Topics: General: W3C Please Read: Permanent Solution To Quality

FarmerBob

Saturday, February 7, 2009 - 11:15 pm Click here to edit this post
One of the central issues with quality has been the fact that it serves very little purpose beyond artificially increasing corporate profit.

There is a quite simple solution: Translate Quality to reduced consumption, require quality supplies and quality upgrades to produce equal quality product, and essentially cap quality officially at 250.

I will elaborate point by point.

1. Translate quality to reduced consumption.
When calculating supply usage, apply an adjusted modifier for quality between 100 and 250. The modifier should be on a slight curve granting greater benefit as quality increases.
For example using quality benchmarks:
Country uses 1 million widgets per month at 100 quality.
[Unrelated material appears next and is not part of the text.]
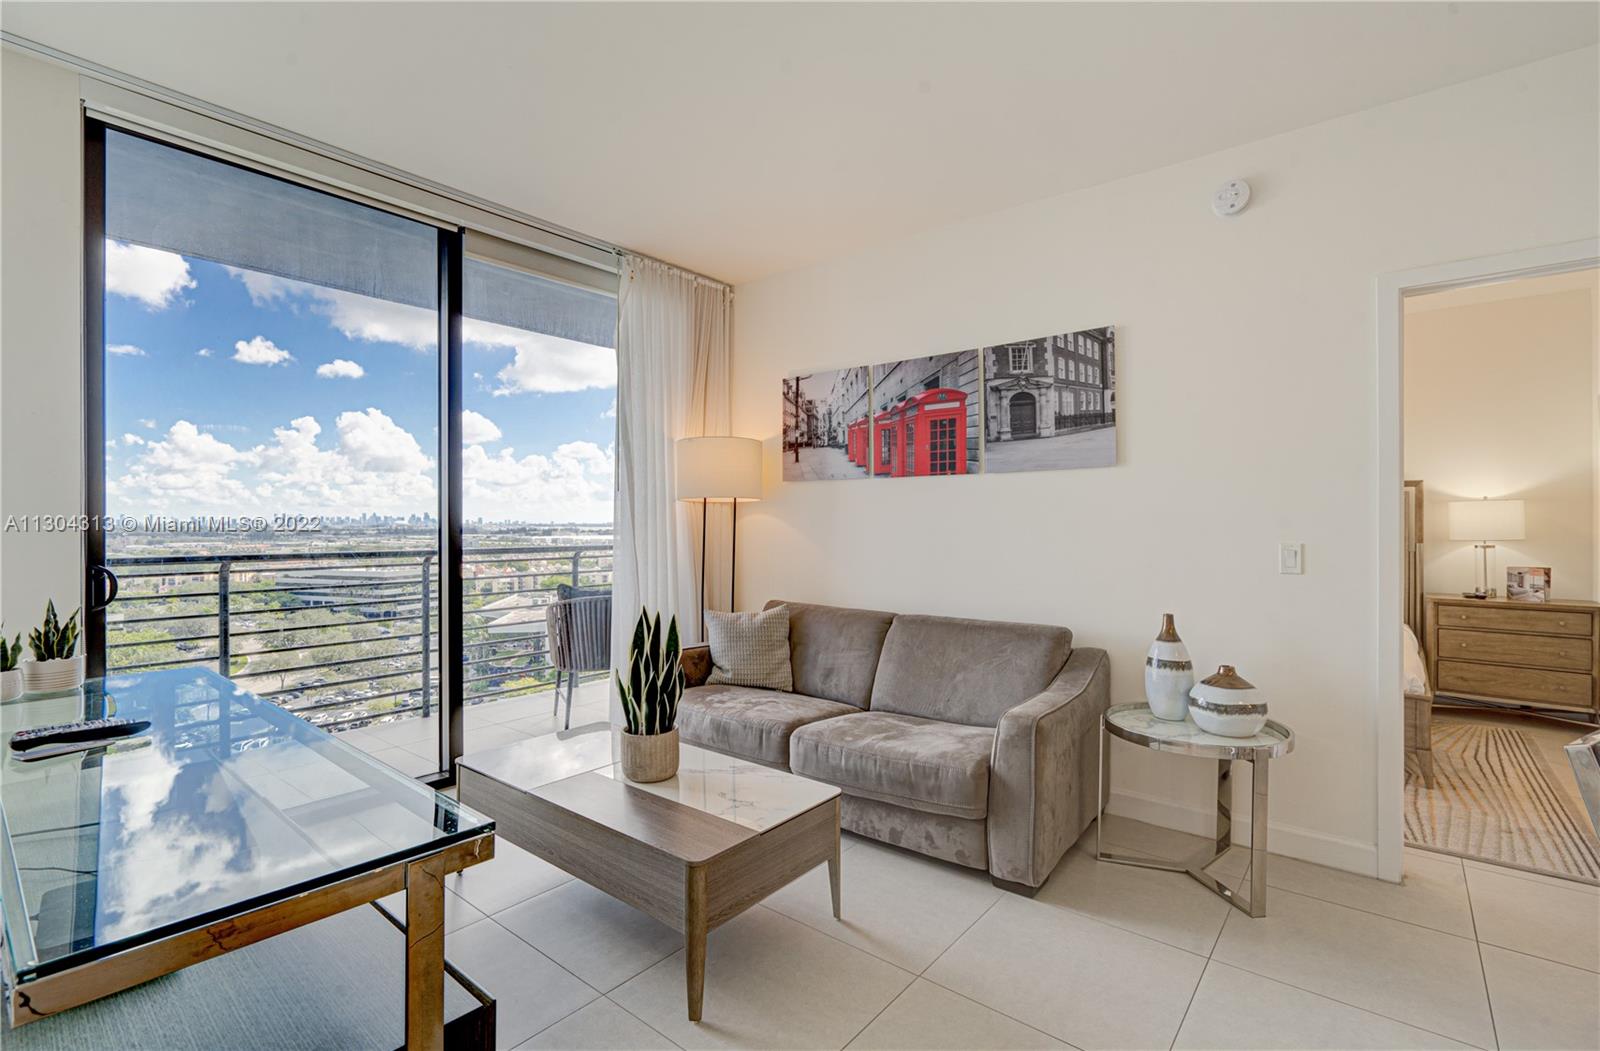 Welcome to this beautiful residence in the heart of Downtown Doral! It is located within steps of schools, restaurants, shops, park, golf course and more. This condominium has two separate entrances so it can be a 2/2 home or a one bedroom condo with living room, full kitchen plus washer/dryer and a separate studio with coffee maker, mini fridge and microwave. You can live in one side and rent the other one or rent/use both. It comes completely furnished and ready to be occupied. It is currently in the short term rental program with a management office onsite.
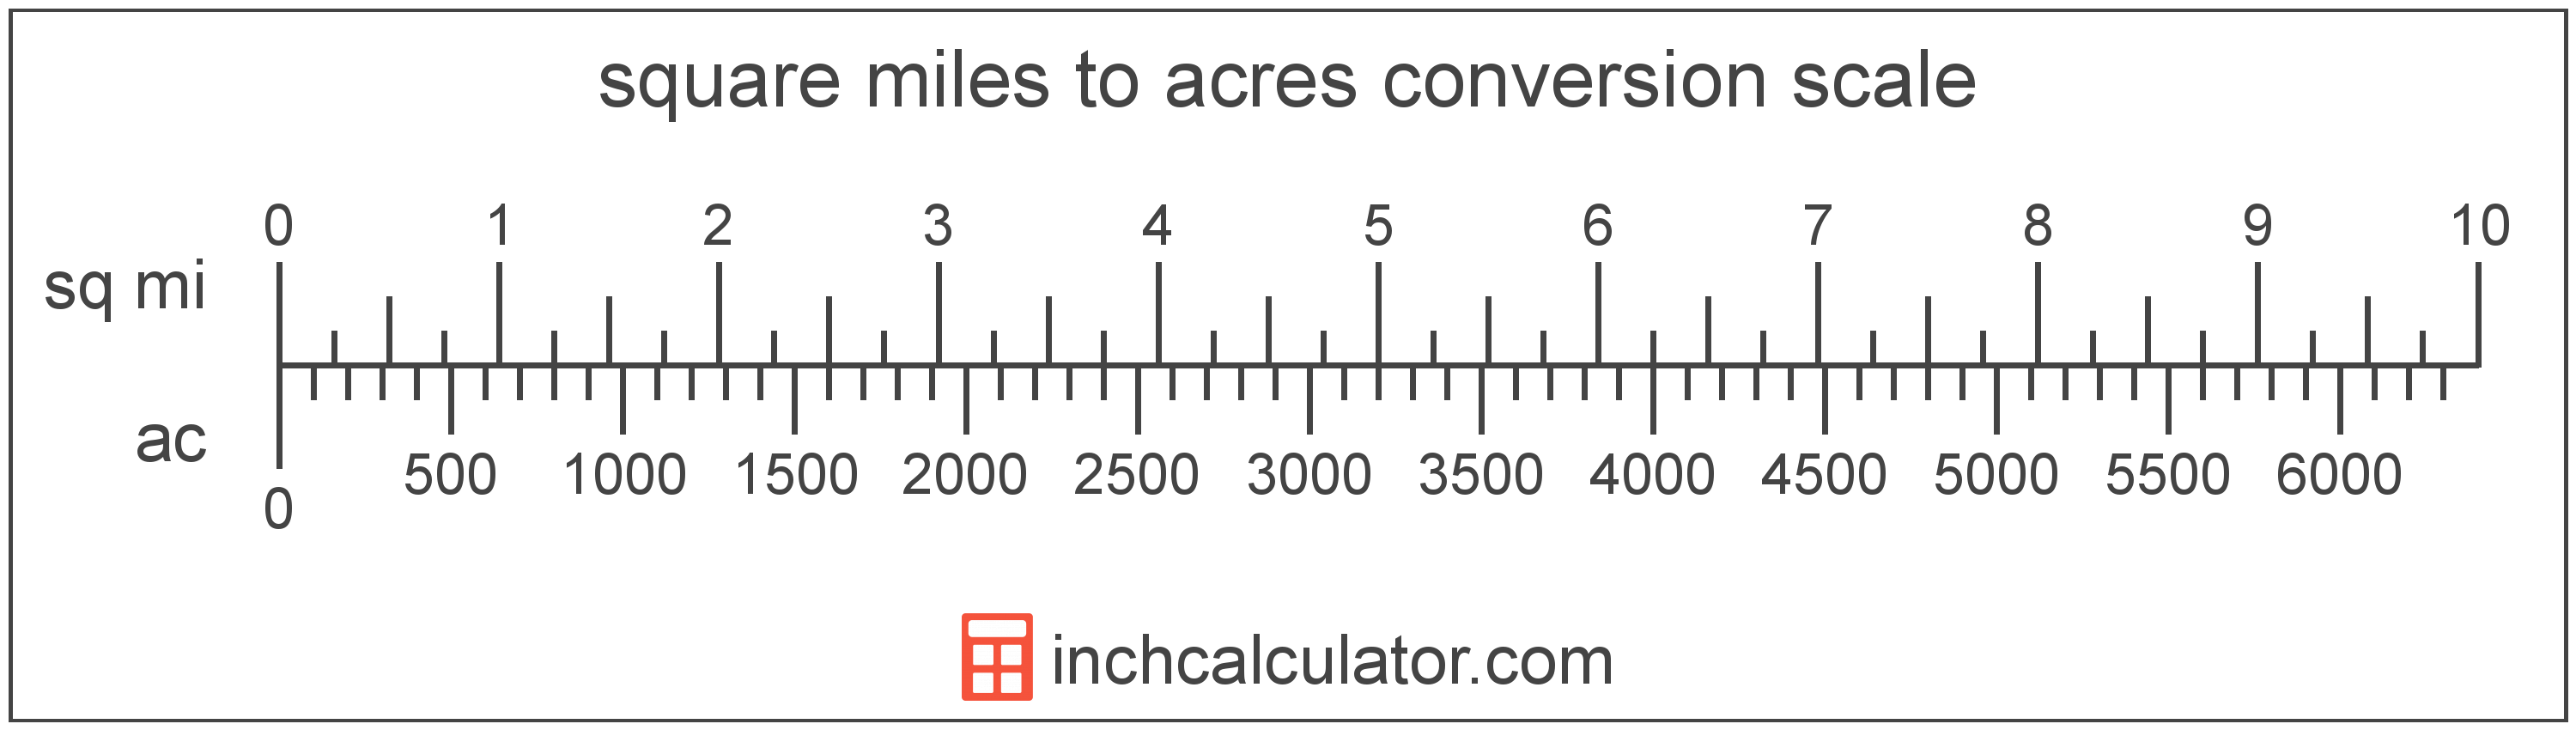 conversion scale showing square miles and equivalent acres area values

Each widget cost $100, costing the country $100 million.
At 150 quality, the country would use 40% less, 600k costing $90 million at $150 each.
At 200 quality, the country would use 60% less, 400K costing $80 million at $200 each.
At 250 quality, the country would use 75% less, 250k costing $62.5 million at $250 each.

Obviously, player countries would be ordering at max quality. C3's would buy at 100.

2. Require corporations to use equal quality supplies and upgrades to produce a given quality of product, but apply the same modifier to production supply usage.
For example:
Company A Widgets is an unupgraded state corp that uses among it supplies 1000 tons of steel at quality 100 to produce 1 million widgets per month of 100 quality.
1000tons X $1000 per ton= $1,000,000

Company B Widgets is a fully upgraded state or new, unupgraded private corp that uses 600 tons at quality 150 to produce 1 million widgets at quality 150.
600tons X $1500 per ton = $900,000

Company C Widgets is a fully upgraded private corp that uses 400 tons at 200 quality to produce 1 million at widgets at quality 200.
400tons X $2000 per ton = $800,000

Company D Widgets is a fully upgraded true public corp that uses 250 tons at quality 250 to produce 1 million widgets at quality 250.
250tons X $2500 per ton = $625,000

Sale pricing would remain the same.
Company A sells 1mil. widgets at $100 each for gross sales of $100 million.
Company D sells 1mil. at $250 each for gross sales of $250 million.

3. Cap quality at 250. This would occur naturally as only a fully upgraded true public, using quality 250 supplies could produce quality 250 goods.

Trade strategies would still apply as quality goods would actually be competing for buyers and sellers. There would be an effective cap here as well, considering that at some percentage over market, one would begin overpaying, negating cost reduction from higher quality.

The markets would likely be a mess for some time if this were implemented, but it would convey the following advantages:
1. Quality would actually fulfill a useful function.
2. Contracts, Common Markets, and self-supply would become useful again to ensure a steady supply at desired prices and quality.
3. Adjustments from W3C to keep the economy functioning would be much easier to manage and less disruptive to players.
4. Profitabilty would be built into the system if mininmalist, 100 Quality corps, were set to be at "break-even" with increasing types/upgrades/supply quality increasing profitabilty.
5. Demand for top quality goods would be ensured as countries finally have a use for higher quality.
6. True publics would become attractive to maximize profits.

Weapons and Ammo are the only current exceptions, but I have further suggestions for the War Engine to utilize Quality. That is a post for another day, however.

quaxocal (Golden Rainbow)

Saturday, February 7, 2009 - 11:24 pm Click here to edit this post
Wow, something like this or similar to it would be great. :)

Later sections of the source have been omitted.